Media mogul under police investigation

 In Companies, News, Tax, Tax havens and offshores

Portugal’s Public Ministry has made the media, hotels and river cruise tycoon Mário Ferreira a legal suspect in the Operation Ferry case over the sale of the ship Atlântida.

The case involves suspected tax fraud and money laundering in the purchase and sale of the Atlântida and involves his company Douro Azul which operates cruises up and down the River Douro.

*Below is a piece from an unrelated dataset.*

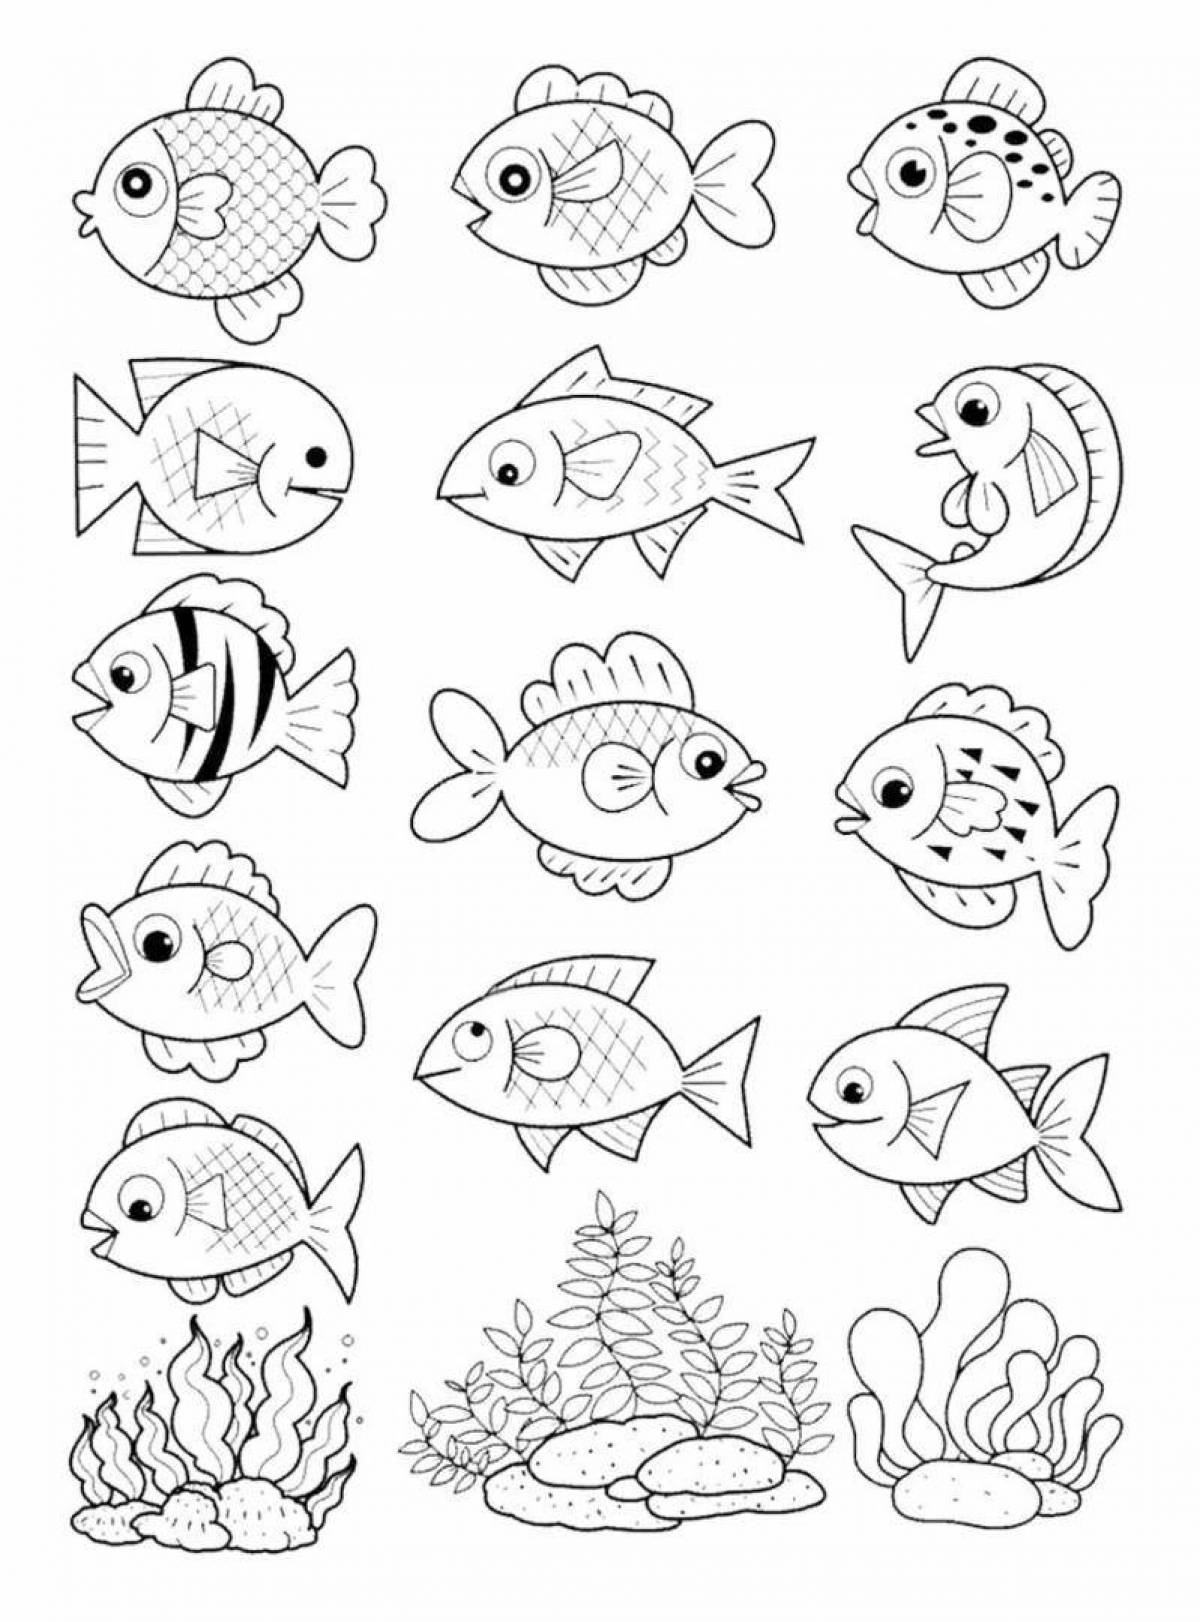 Colourful aquarium fish coloring book for 4-5 year olds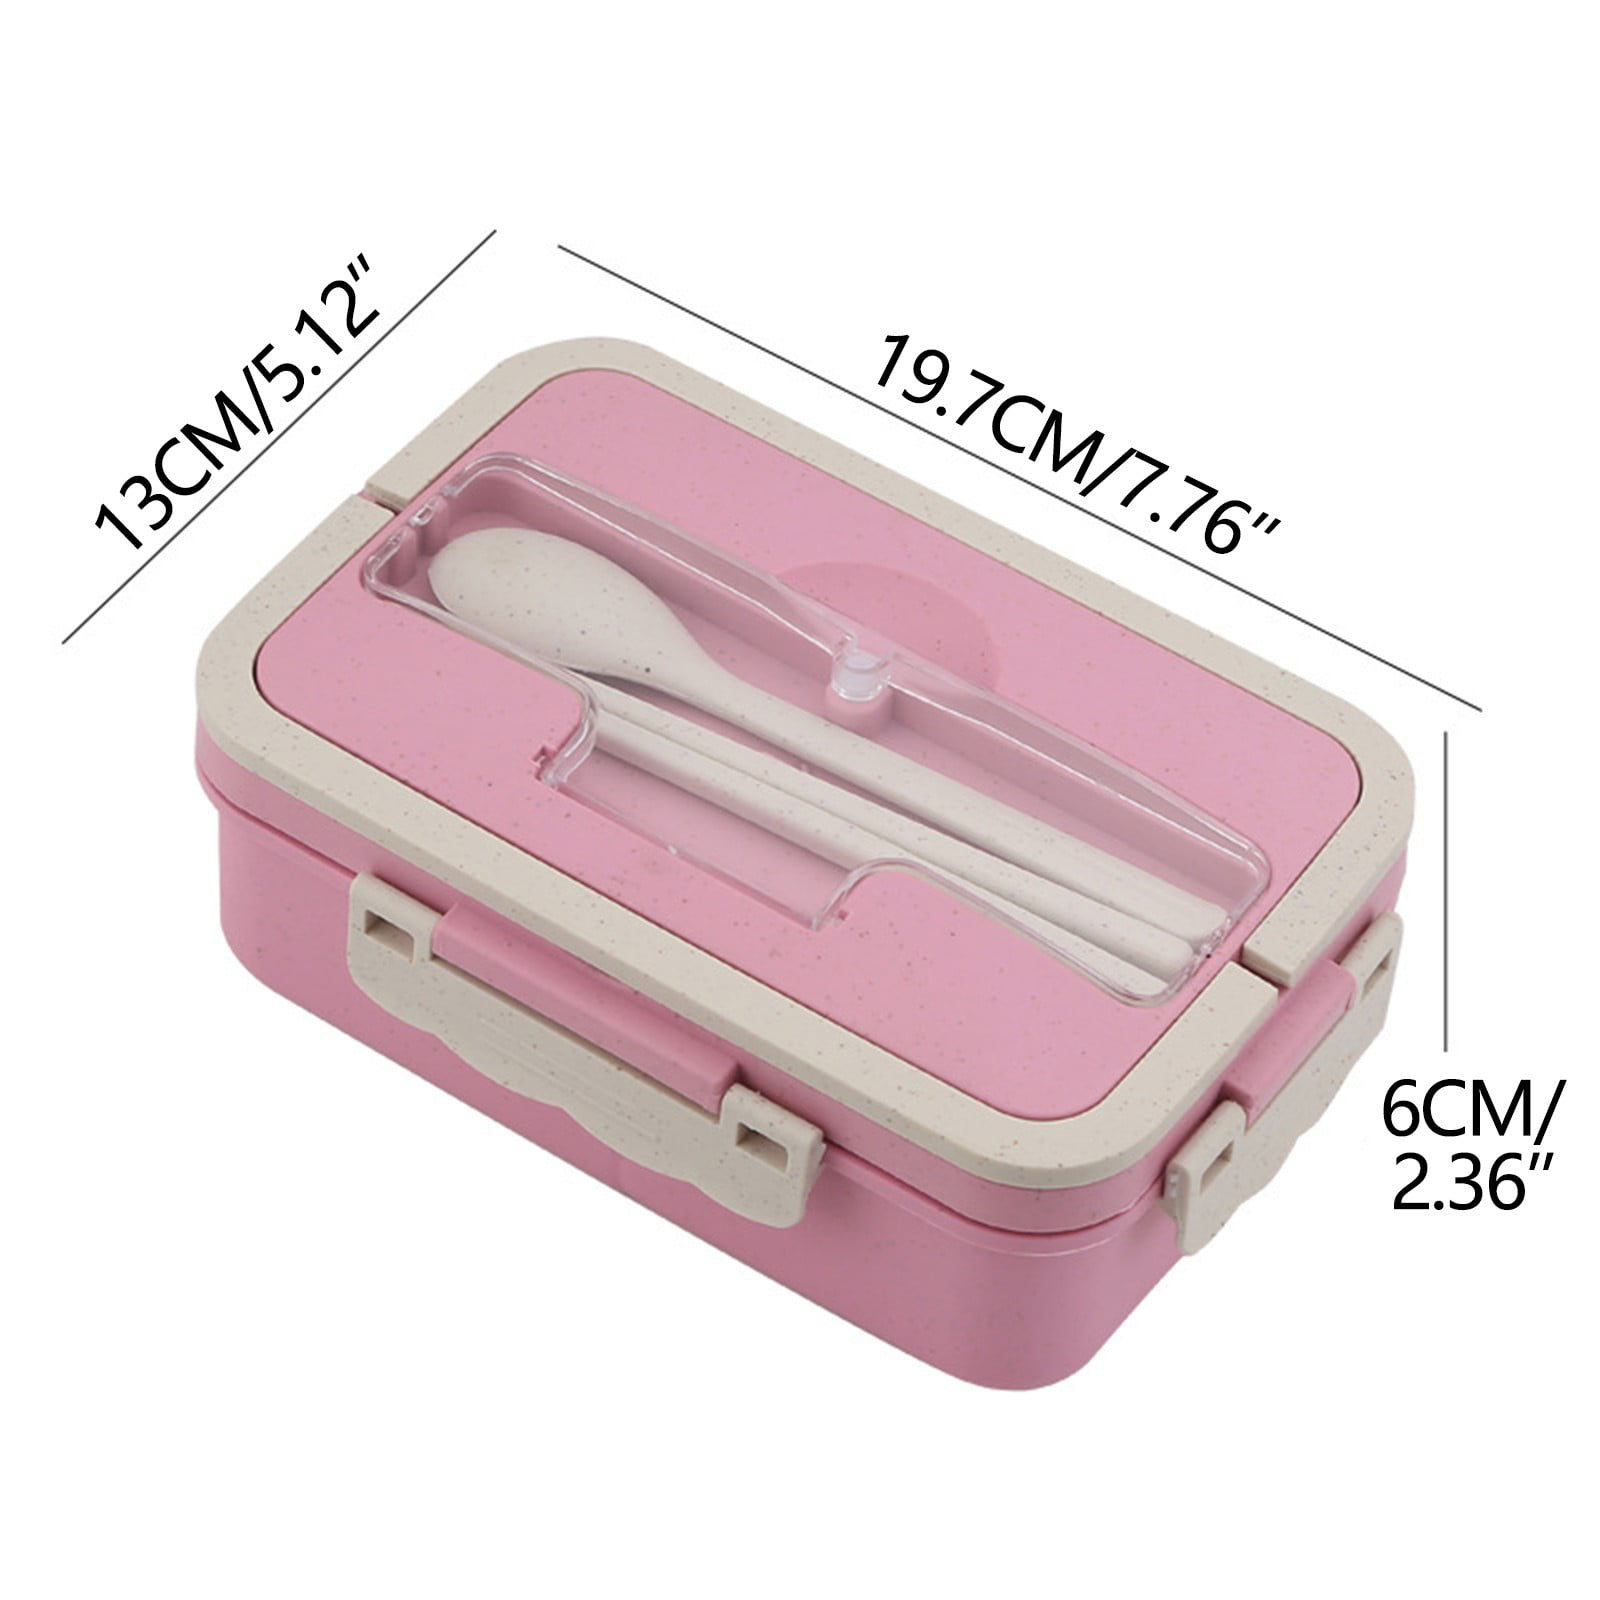 Tohuu Double Layer Lunch Container Double Layer Cute Lunch Box With Cutlery  Kids Microwave Safe Lunch Box Portable Stackable Food Container Lunch Boxes  With Stickers For Daycare kindly

The tax authorities suspect Mário Ferreira may have committed tax fraud over the sale of Atlântida to a Norwegian firm for €17 million.
Tax agents and police armed with warrants from the criminal investigation department DCIAP undertook searches at the headquarters of his leisure cruises company Douro Azul in Porto according to the Portuguese Tax and Customs Authority (AT), and following the operation Mário Ferreira was made a legal suspect”.
The investigation refers to 2014-2016 and “involves a transaction made through another jurisdiction (offshore) so as to reduce taxable profits in Portugal”.
“This manoeuvre essentially aimed at reducing taxes paid on revenues on IRC income tax, as well as camouflaging an eventual distribution of profits obtained”.
The businessman himself asked to be made a legal suspect or ‘arguido’ and for a hearing to be organised as soon as possible.
In a letter addressed to the Portuguese Criminal Investigation Department (DCIAP) to which the online news service ECO had access (Ferreira is a shareholder in that too), Mário Ferreira, who owns a controlling share in the private media company Media Capital (TVI television station), explained through he agents that “there was no other alternative to having to deal with the continuous humiliations of which he has been and continues to be the target, and because of the responsibility that comes from the positions he holds, and the role he has in Portugal’s companies network.
The search at Douro Azul on Wednesday which involved eight different search warrants and was carried out by 12 tax inspectors, six IT specialists, 12 GNR police agents from its tax brigade (Ação Fiscal), and four GNR police from the GNR Territorial Command of Madeira.